→ **Goal of the exercise**: In the entries below, begin at the line that has "Zapatillas de fútbol", stop after the line that has "True_Nature_Core_Belief_Wheel.jpg", and output those lines exactly with no pictures.

→ **Records for this exercise**:
+--
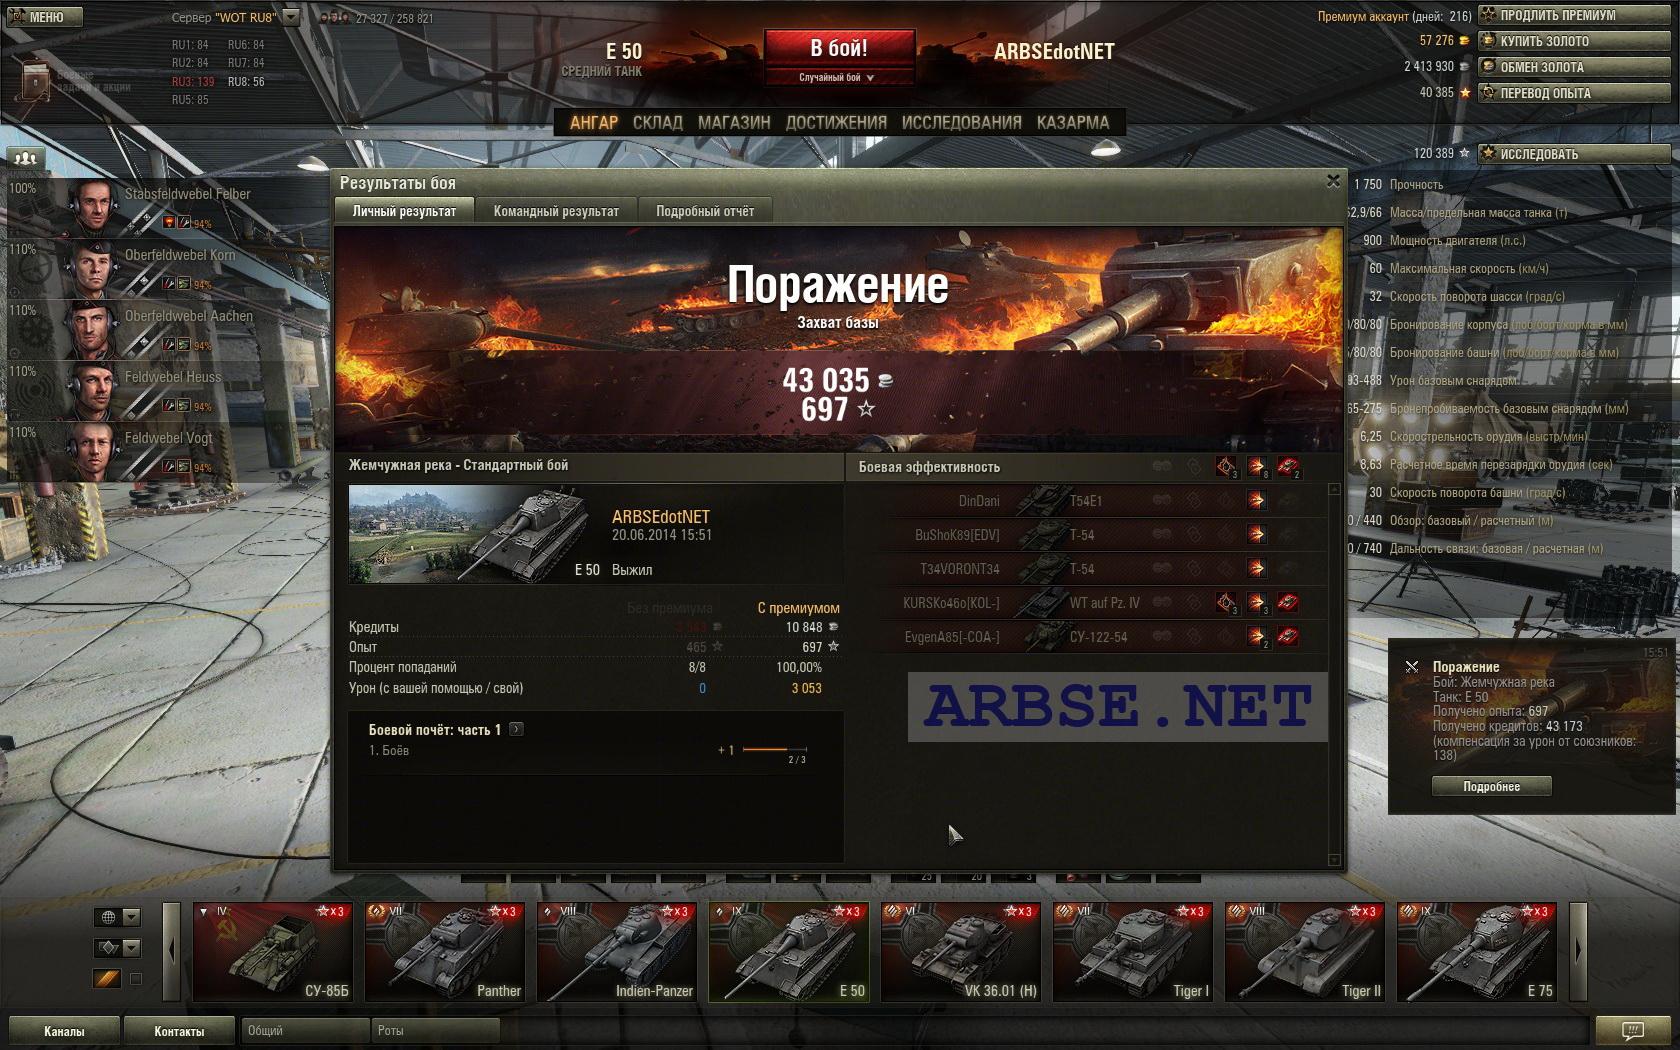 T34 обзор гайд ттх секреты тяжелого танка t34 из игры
+--
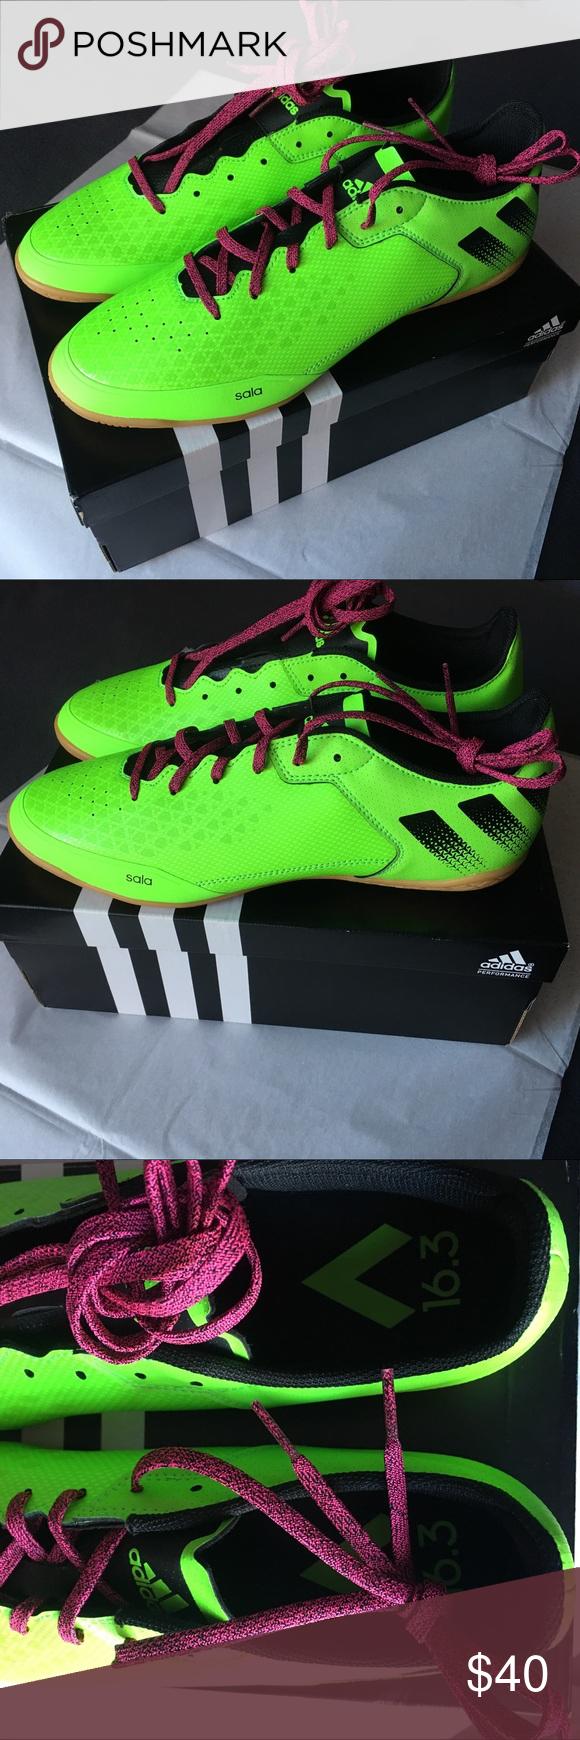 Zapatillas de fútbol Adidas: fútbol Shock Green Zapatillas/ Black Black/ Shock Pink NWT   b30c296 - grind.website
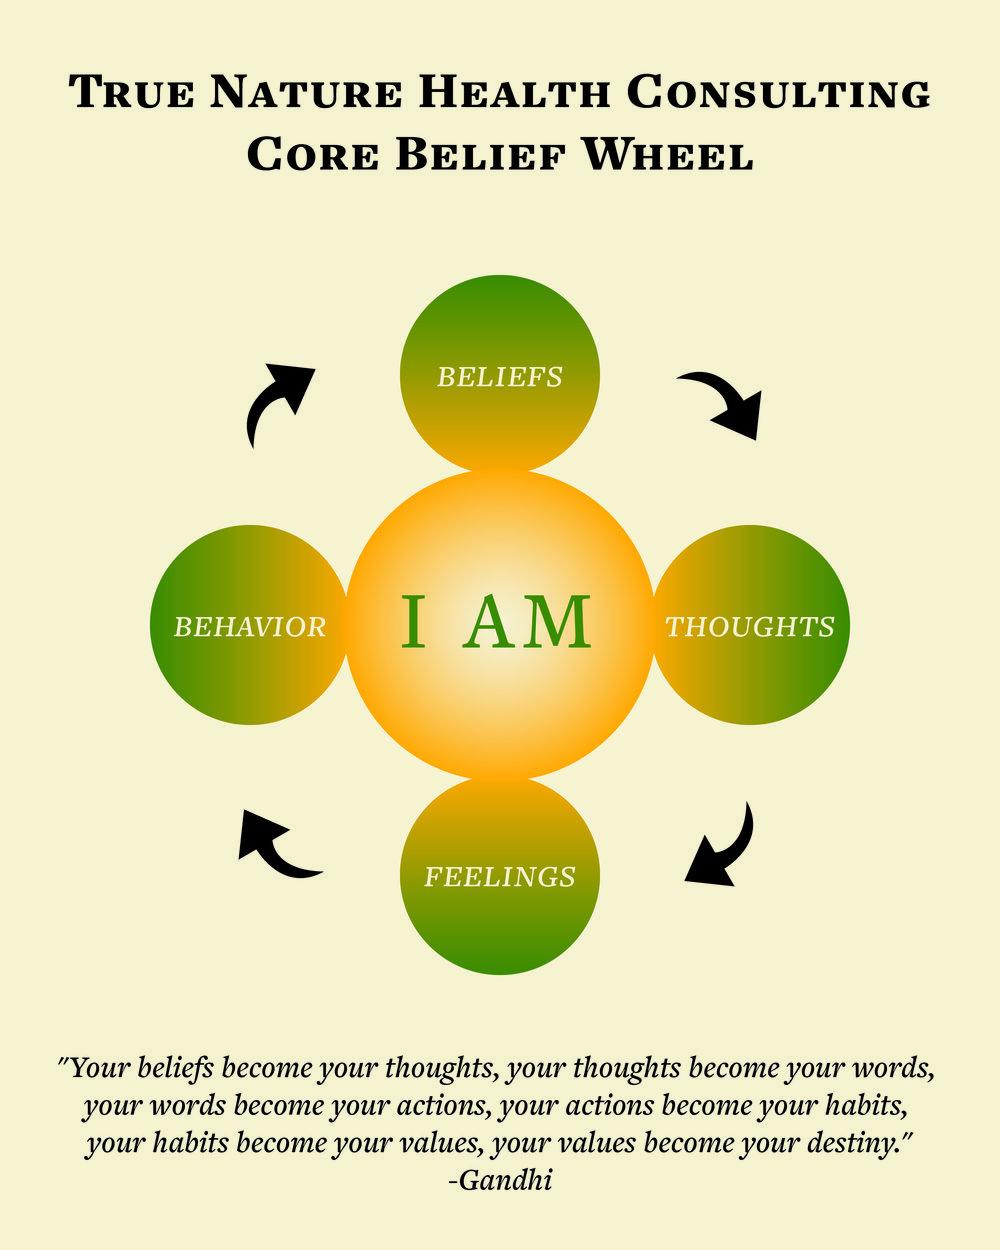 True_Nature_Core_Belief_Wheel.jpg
+--
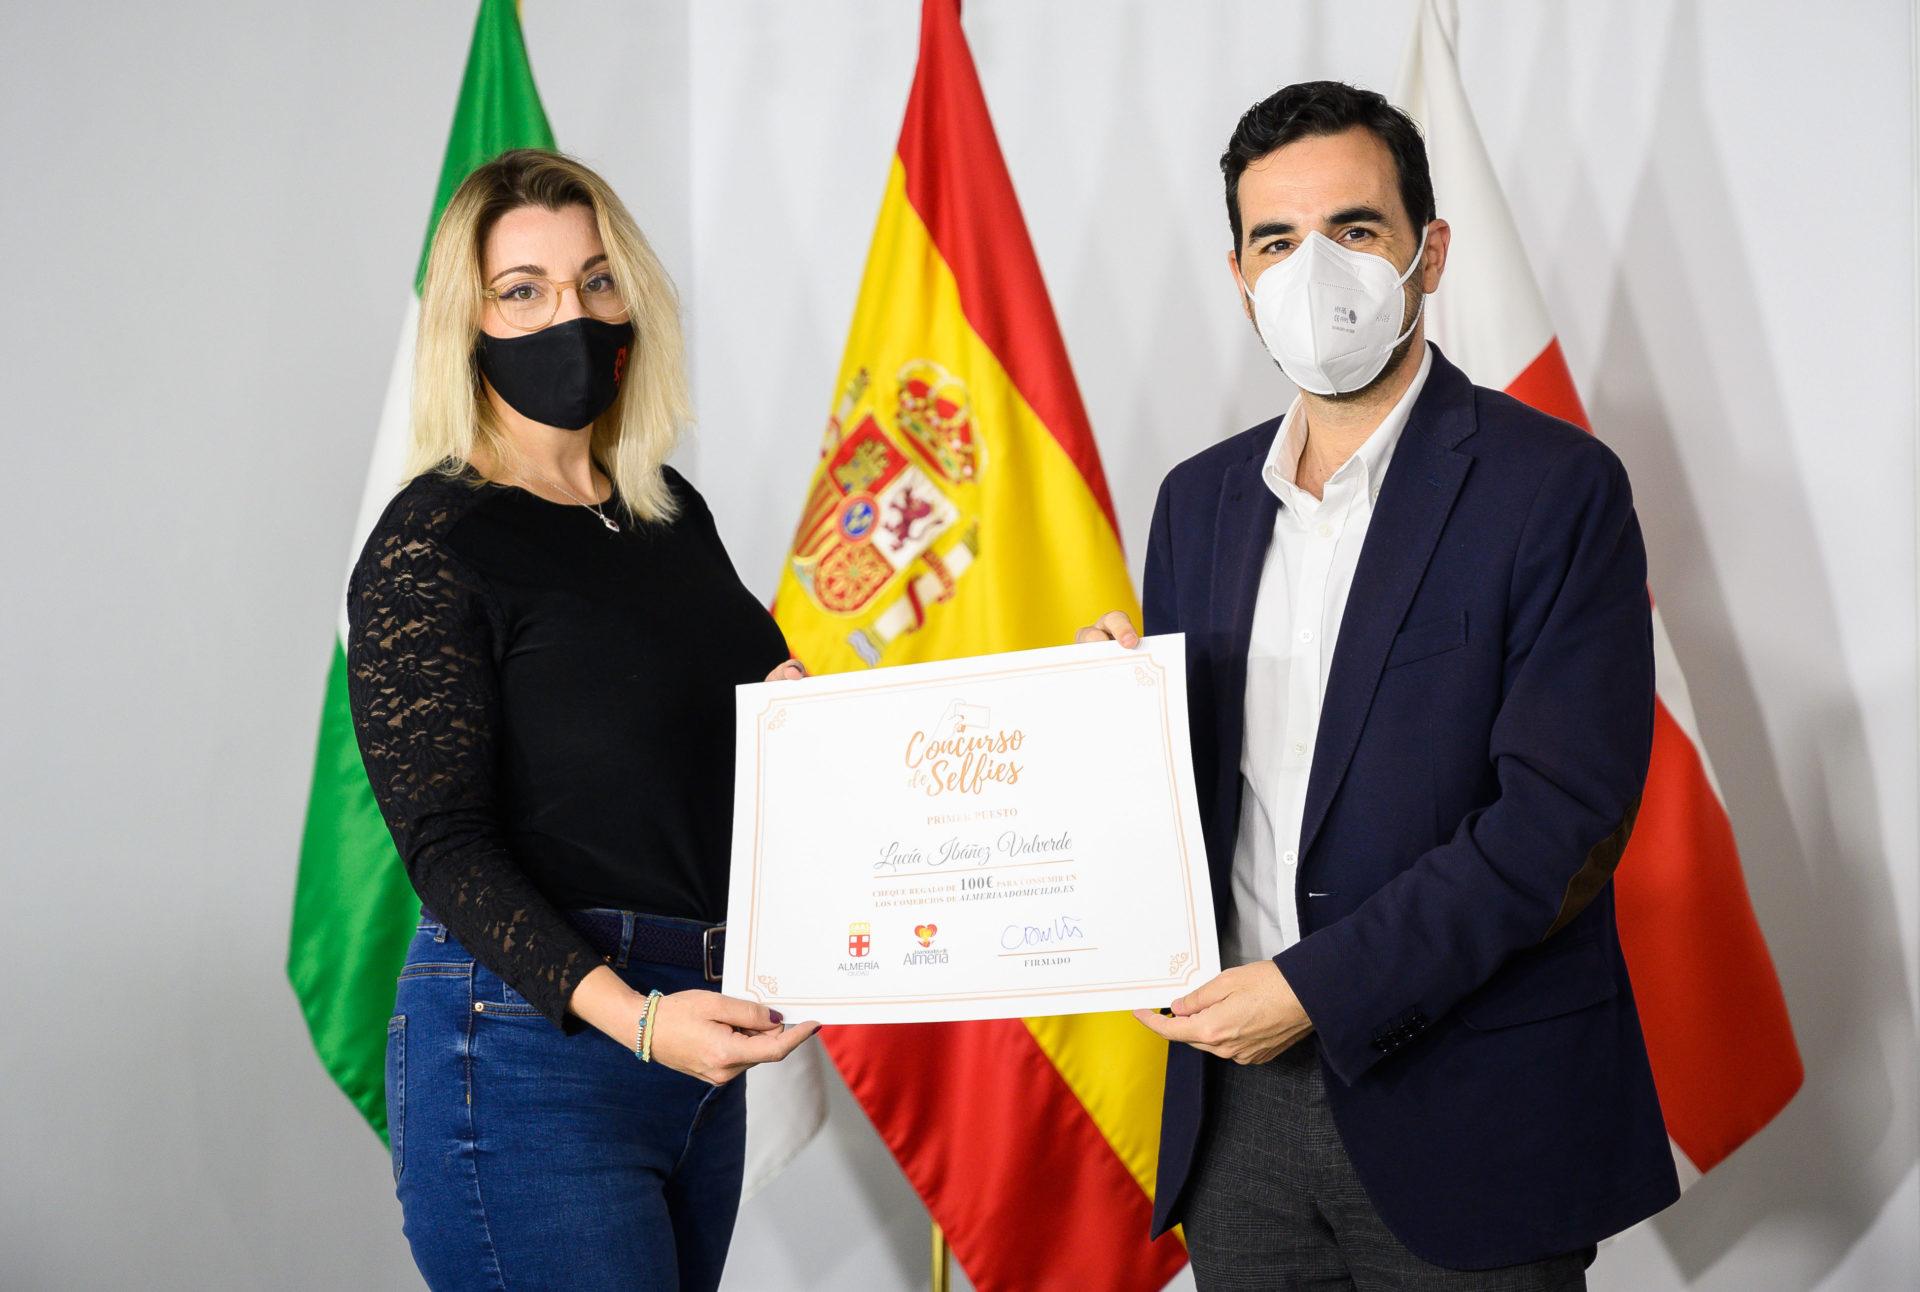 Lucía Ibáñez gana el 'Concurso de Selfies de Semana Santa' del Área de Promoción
+--
→ **Finished exercise**:
 Zapatillas de fútbol Adidas: fútbol Shock Green Zapatillas/ Black Black/ Shock Pink NWT   b30c296 - grind.website
 True_Nature_Core_Belief_Wheel.jpg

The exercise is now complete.